As is illustrated by this
 PARABLE OF CELESTIAL WISDOM
  At one time Wisdom sought to extend itself without limit. The Gods- afraid there would be no room left for Creation if Wisdom ceaselessly burgeoned- merged together, took the form of Doubt and appeared before Wisdom.
  “Surely it is unwisdom to seek that which you can not in some part signify- so state what it is you seek when you thus limitlessly extend yourself.”
“I seek One wiser than I.” Wisdom replied and consequently was reborn on Earth as a woman.

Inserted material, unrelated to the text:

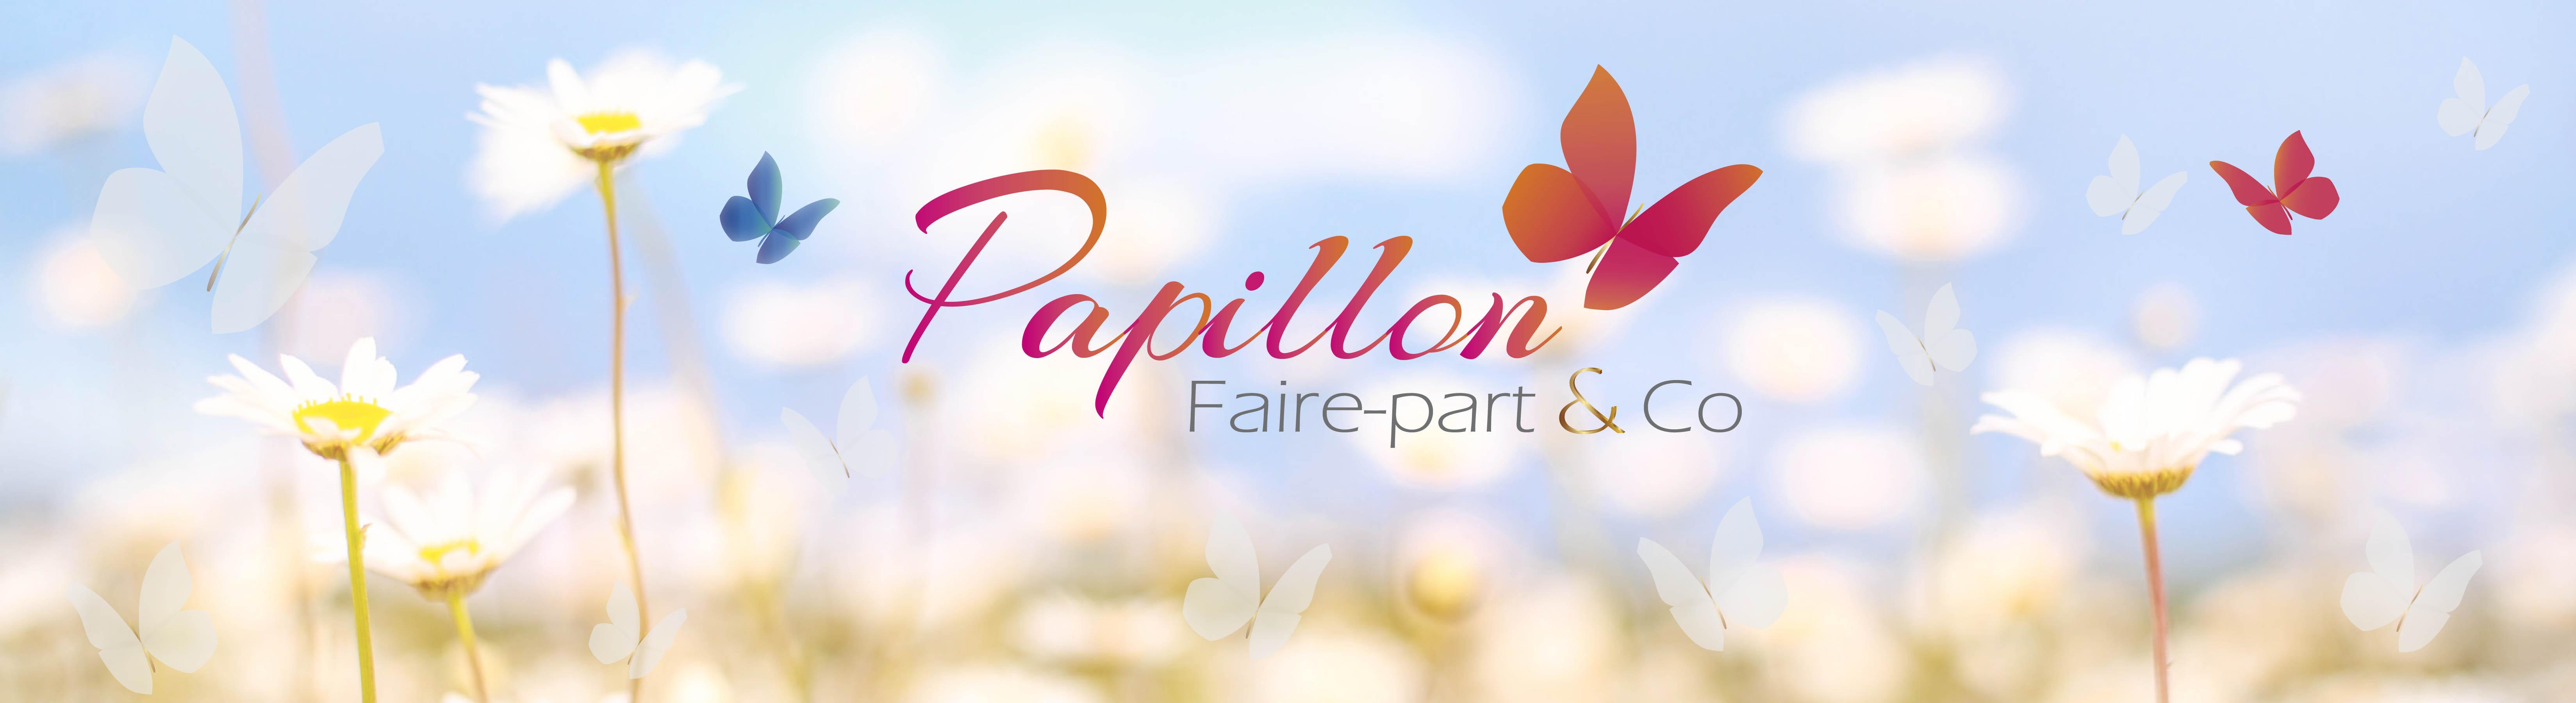 Papillon Faire-part & Co est un atelier de création de faire-part
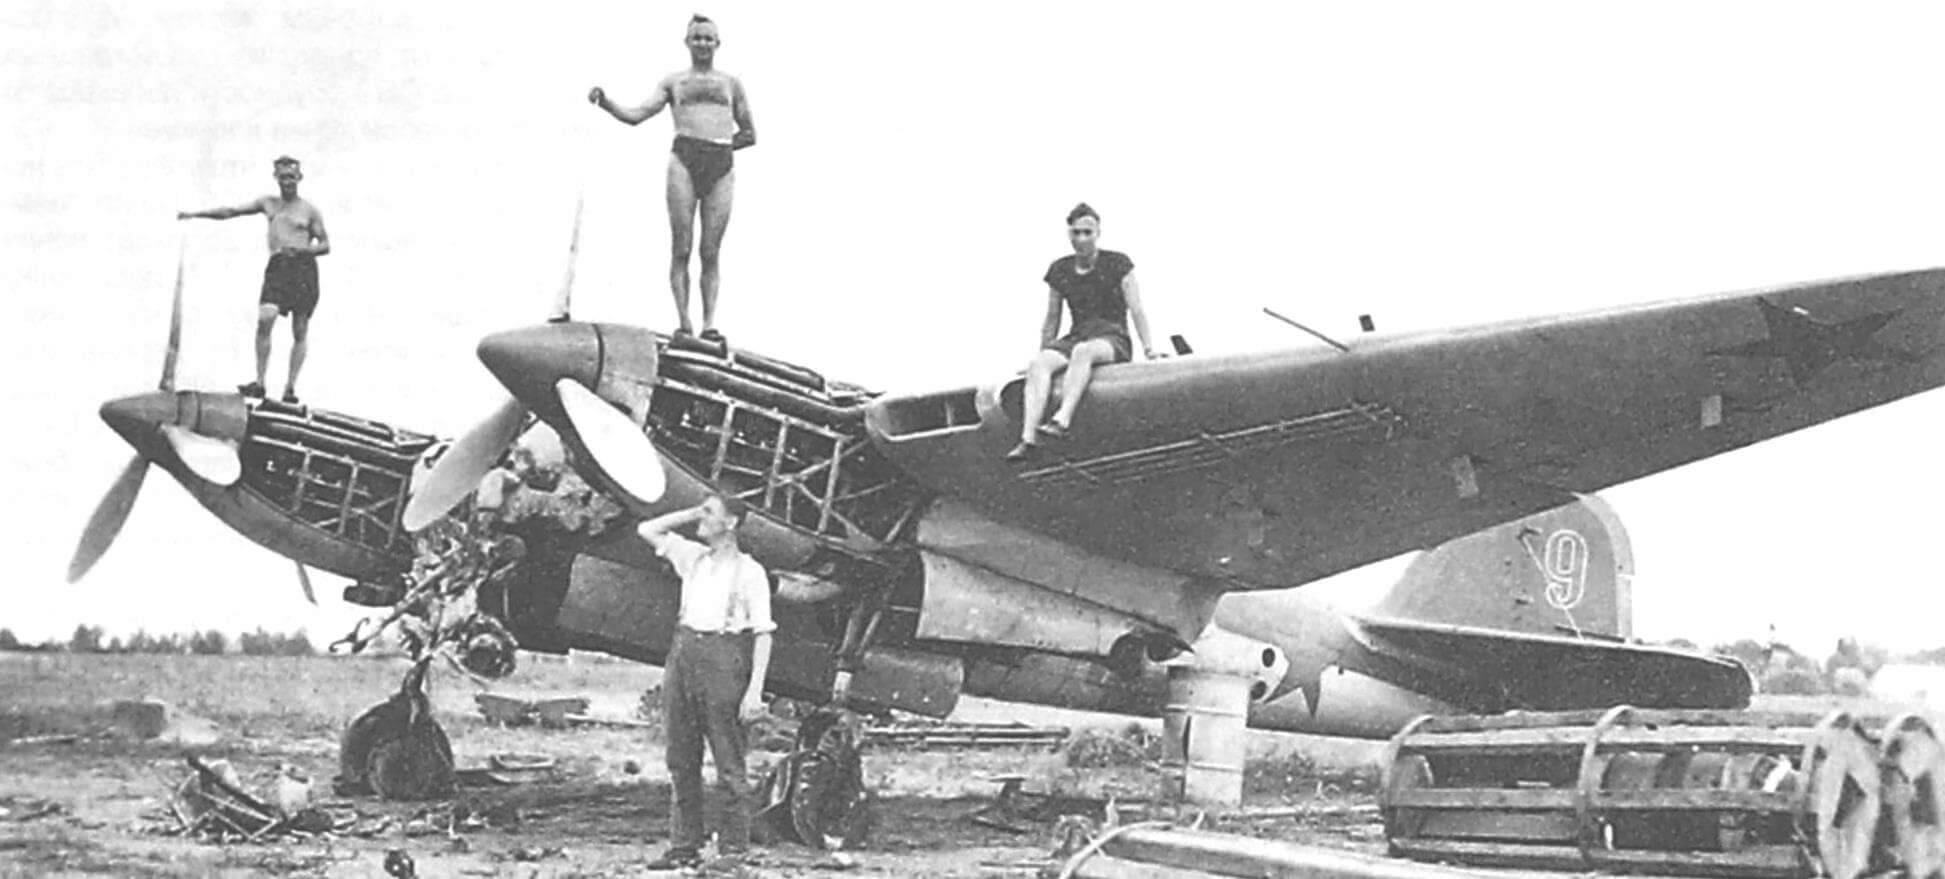 Немецкие солдаты фотографируются у захваченного неисправного Ар-2, 1941 г.

Her very wise husband, the King, his very wise spiritual preceptor, the RajGuru, and the equally wise chief minister, the chief minister, all travelling together in a chariot had very wisely been killed leaving her with an idiot son.
‘By the accumulated good karma of my previous births,” the dowager Queen said to her son, “the wisest Guru and the most able Statesman are even now hastening to your presence. In fact here they are. Now, in front of the whole court, do you examine them asking- ‘What is Religion? What is Policy?” and then, after appearing to give ear with a lively show of intelligent interest, appoint them the twin supports of your reign.”
The idiot immediately addressed the two strangers saying, “What is Religion? And ..urm.. what is …urm… did I say Religion? Well, that’s what I want to know- what it is? Not what the word it is. I mean what … urm … what I said is. Or was. I mean what I said was it. Or whatever.”
The first man immediately gave a long and very subtle speech, each highly illuminating line of which read something like this ‘Religion is not, as is commonly supposed, such and such practice or belief rather it is actually the complete opposite as is proven by such and such scriptural quotation and such and such episode in religious history.’
The second man, given his turn to speak, quickly began listing, in order of priority, the different needful steps the administration must hasten to take along with sage advice as to how to achieve each objective with the greatest economy and expedition.
“Stop!” said the King, “I have heard enough. You and you alone are fitted to be my Spiritual preceptor. That other asshole, who mentioned Religion at least twice in every sentence, can be my Politics go to guy- the whassisname? Chief Minister.”
Hearing the words of her idiot son, the Queen Mother dropped dead, the purpose of her incarnation fulfilled- for she had at last met one wiser than herself- that’s right, a Republican.